The Budget proposed total FY 2014 spending, including entitlements, of $3.77 trillion. Of that, $1.058 trillion is in discretionary spending. The Budget cancels out the sequestration cuts which, if included, would have resulted in $966 billion in discretionary spending. Because it eliminates these cuts, in many instances in its Budget documents, the Administration compares its FY14 request to the FY12 enacted level. When it is possible, this report substitutes the FY13 Continuing Resolution funding level. In other instances, the report uses the FY12 level.
Additional tax revenues would be raised by, among other things, adopting the so-called “Buffet Rule,” requiring taxpayers with over $1 million in annual income to pay at least a 30 percent tax rate after charitable deductions. The Budget would also raise $230 billion in revenue by adopting the “chained consumer price index” to calculate increases in Social Security and other program benefits. By eliminating the sequestration cuts, and including additional money for new initiatives, spending in FY14 would increase by $160 billion. Among the new initiatives would be additional money for child care, infrastructure, and teacher rehiring programs.
The President does not attempt to balance the Budget.
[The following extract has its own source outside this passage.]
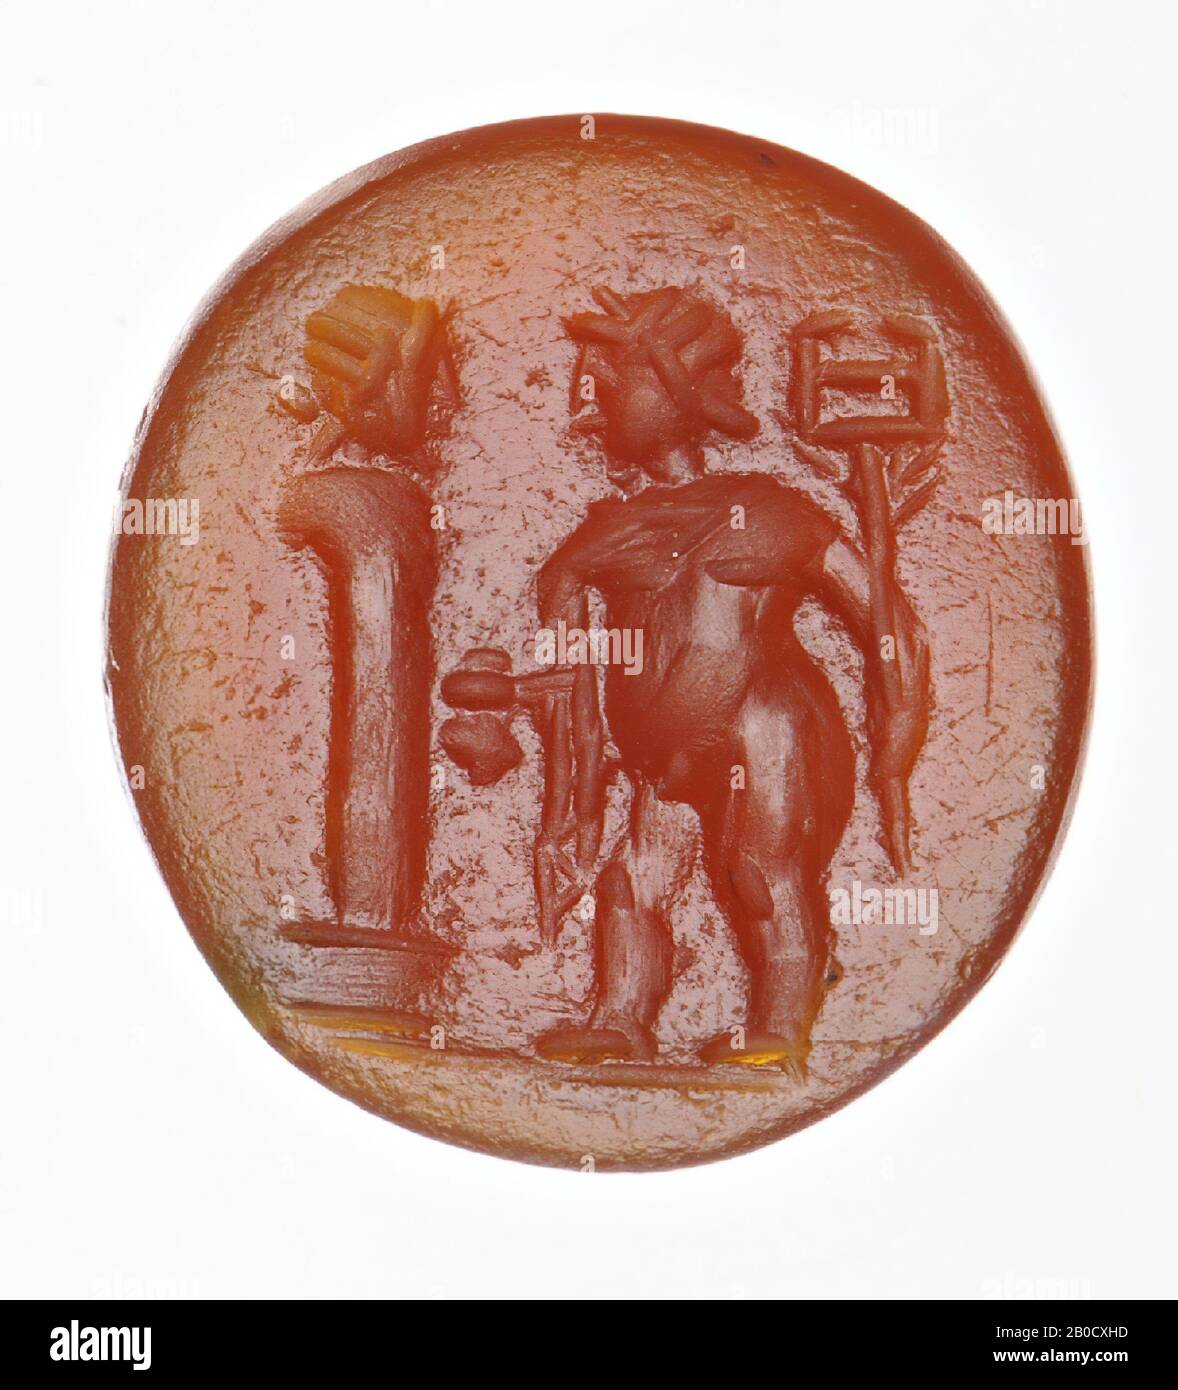 Vz: a fat boy, probably Cupid although there are no wings visible, has a caduceus in his left hand and a money bag in his right hand, he carries a chlamys over his shoulders, he looks at a herm placed on a pedestal for him., gem, intaglio, ringstone, carnelian, Color: yellowish brown, Shape: oval, Machined: edge cut at the front compared to the rear, Method: body modeling with large rounded drills, detailing with short rounded wheel grooves. , 10 x 8 mm, D. 3 mm, end of the 1st century AD. 75-100 AD, Turkey Stock Photo

However, it would reduce the deficit as a percentage of gross domestic product to 1.7 percent by 2023. The deficit projected for FY 2014 is $744 billion, or 4.4 percent of GDP.
The Budget documents outline the Administration’s recommendations for discretionary and mandatory spending, as well as its revenue proposals. Developing a reliable analysis of any budget is difficult. This report provides a California-oriented analysis of the proposal prepared by the staff of the California Institute for Federal Policy Research.